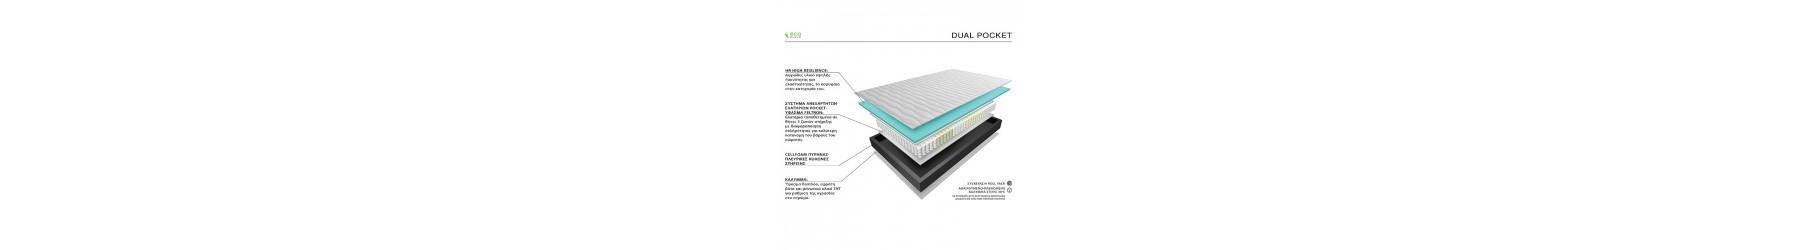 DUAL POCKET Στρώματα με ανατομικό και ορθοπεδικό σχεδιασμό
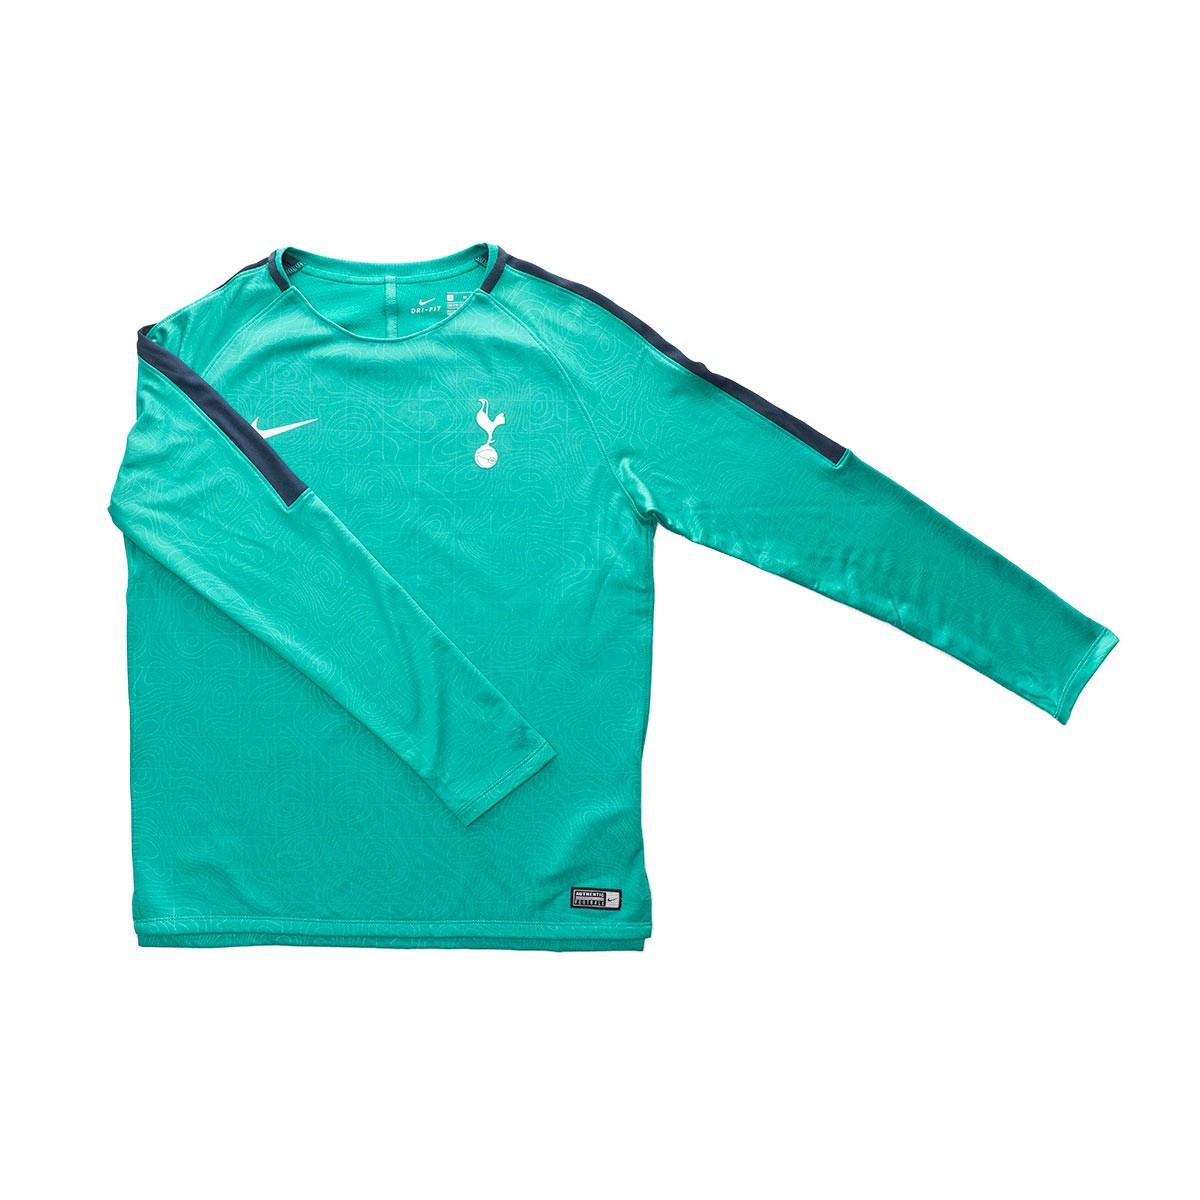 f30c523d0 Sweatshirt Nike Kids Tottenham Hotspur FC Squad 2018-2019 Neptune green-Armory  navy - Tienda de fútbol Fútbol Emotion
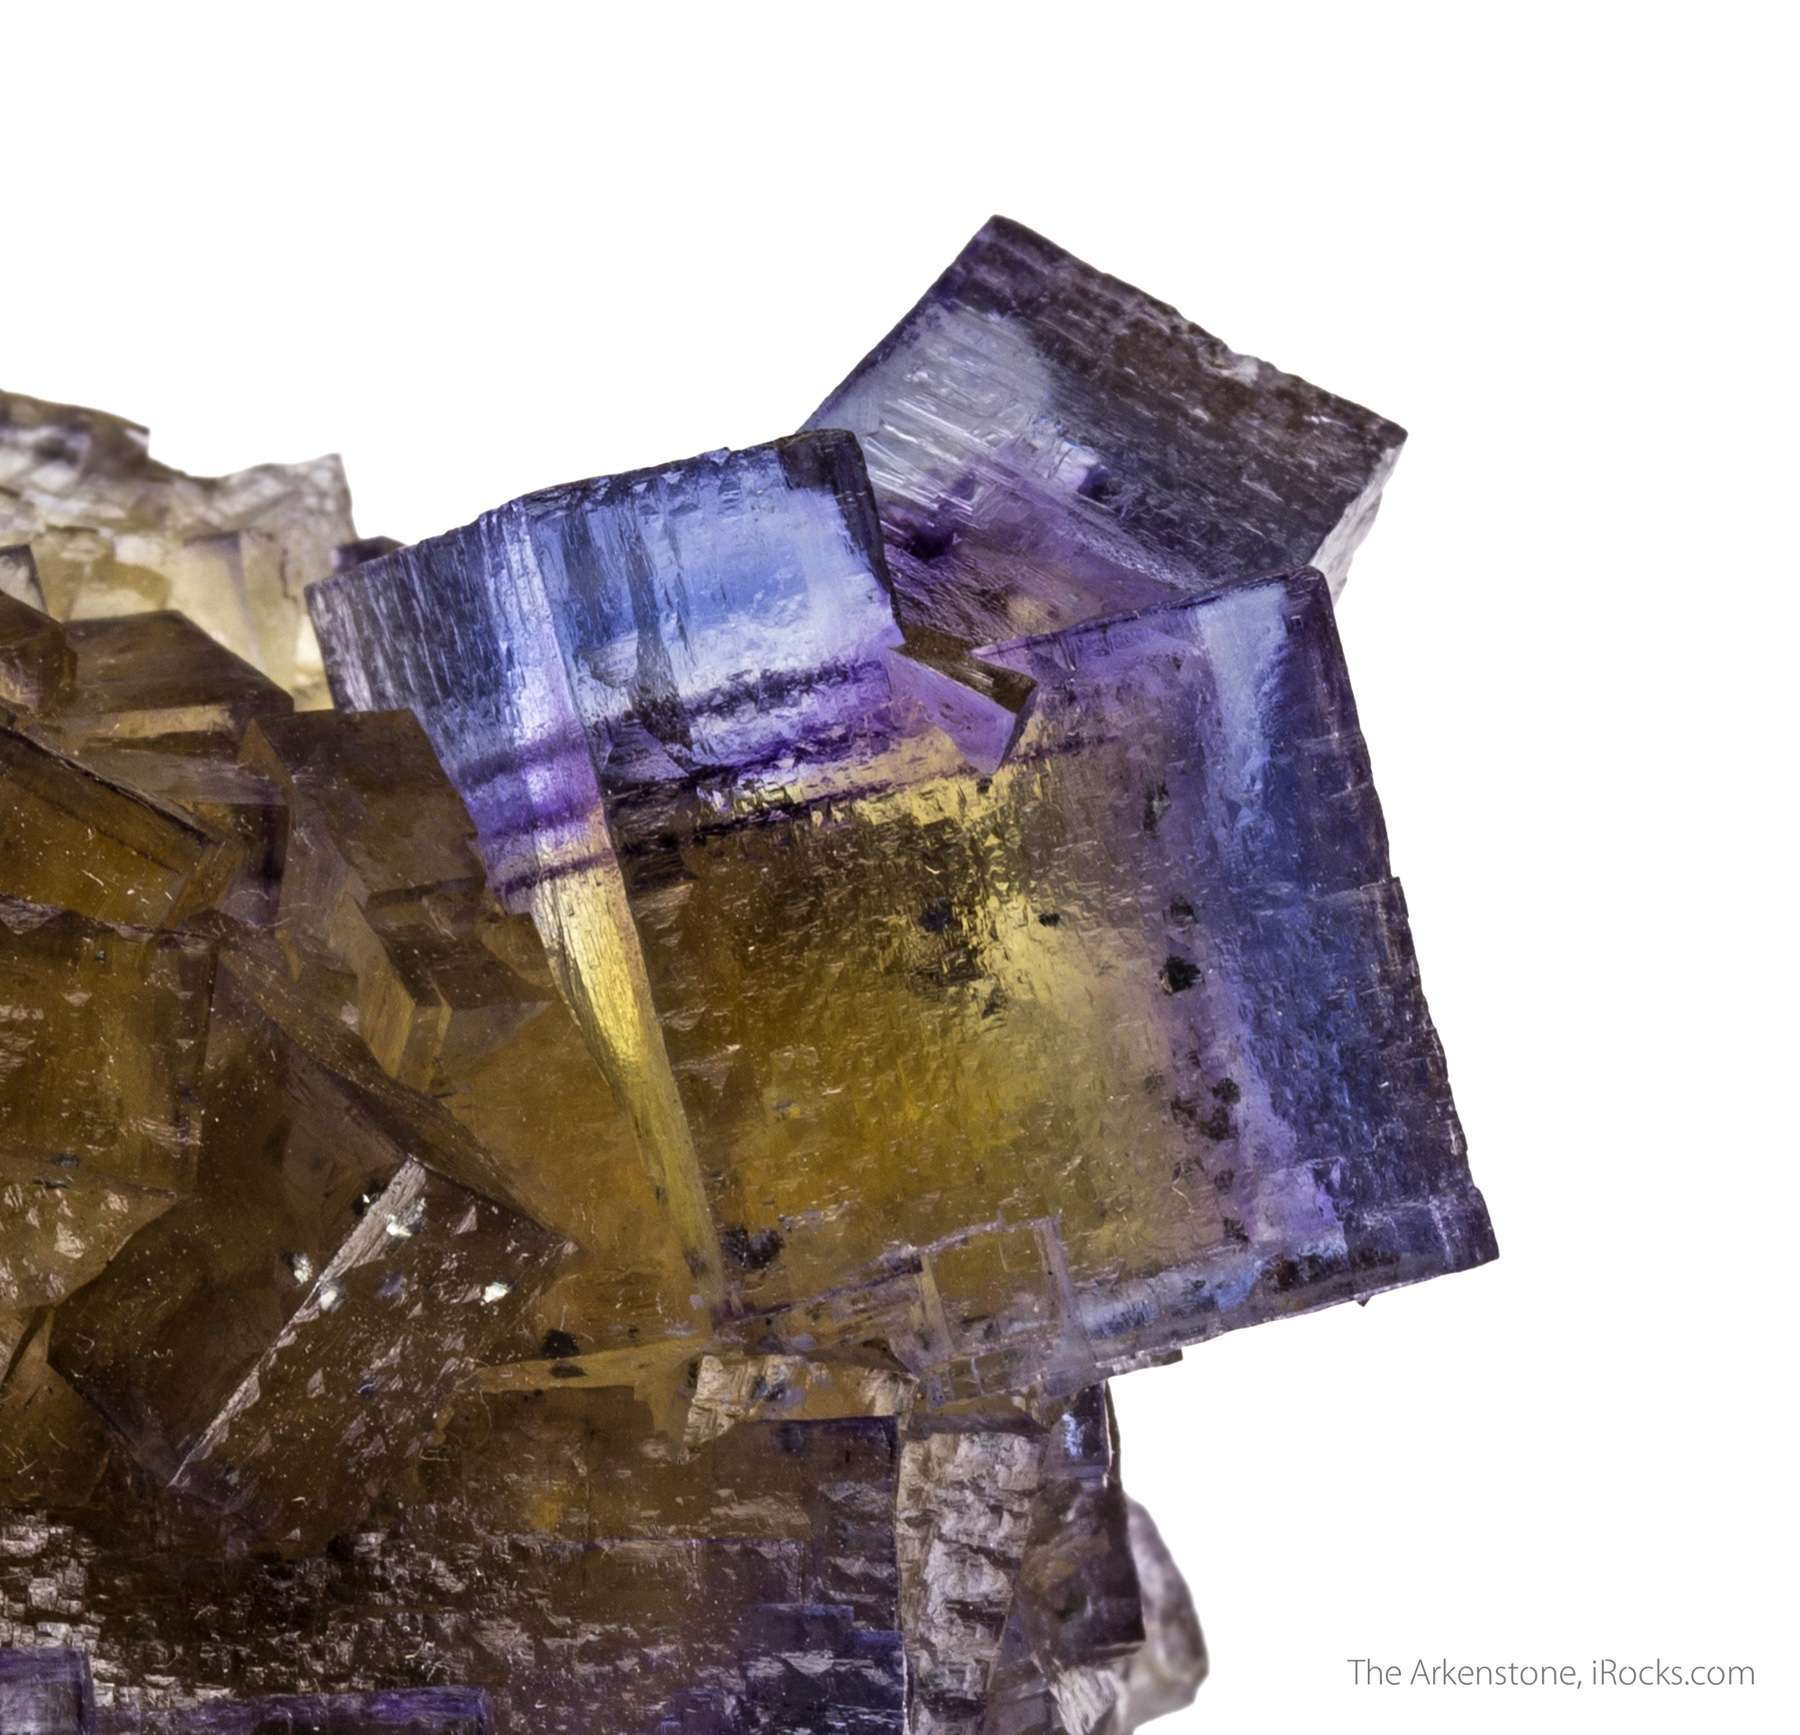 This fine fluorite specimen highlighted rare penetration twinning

---

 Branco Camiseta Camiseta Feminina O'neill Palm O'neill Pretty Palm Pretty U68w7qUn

▶ **Task item**
Although the records above contain pictures, the copy should not; retype exactly the lines from the one containing "DUAL POCKET Στρώματα" through the one containing "This fine fluorite".

▶ **Finished task**
 DUAL POCKET Στρώματα με ανατομικό και ορθοπεδικό σχεδιασμό
 f30c523d0 Sweatshirt Nike Kids Tottenham Hotspur FC Squad 2018-2019 Neptune green-Armory  navy - Tienda de fútbol Fútbol Emotion
 This fine fluorite specimen highlighted rare penetration twinning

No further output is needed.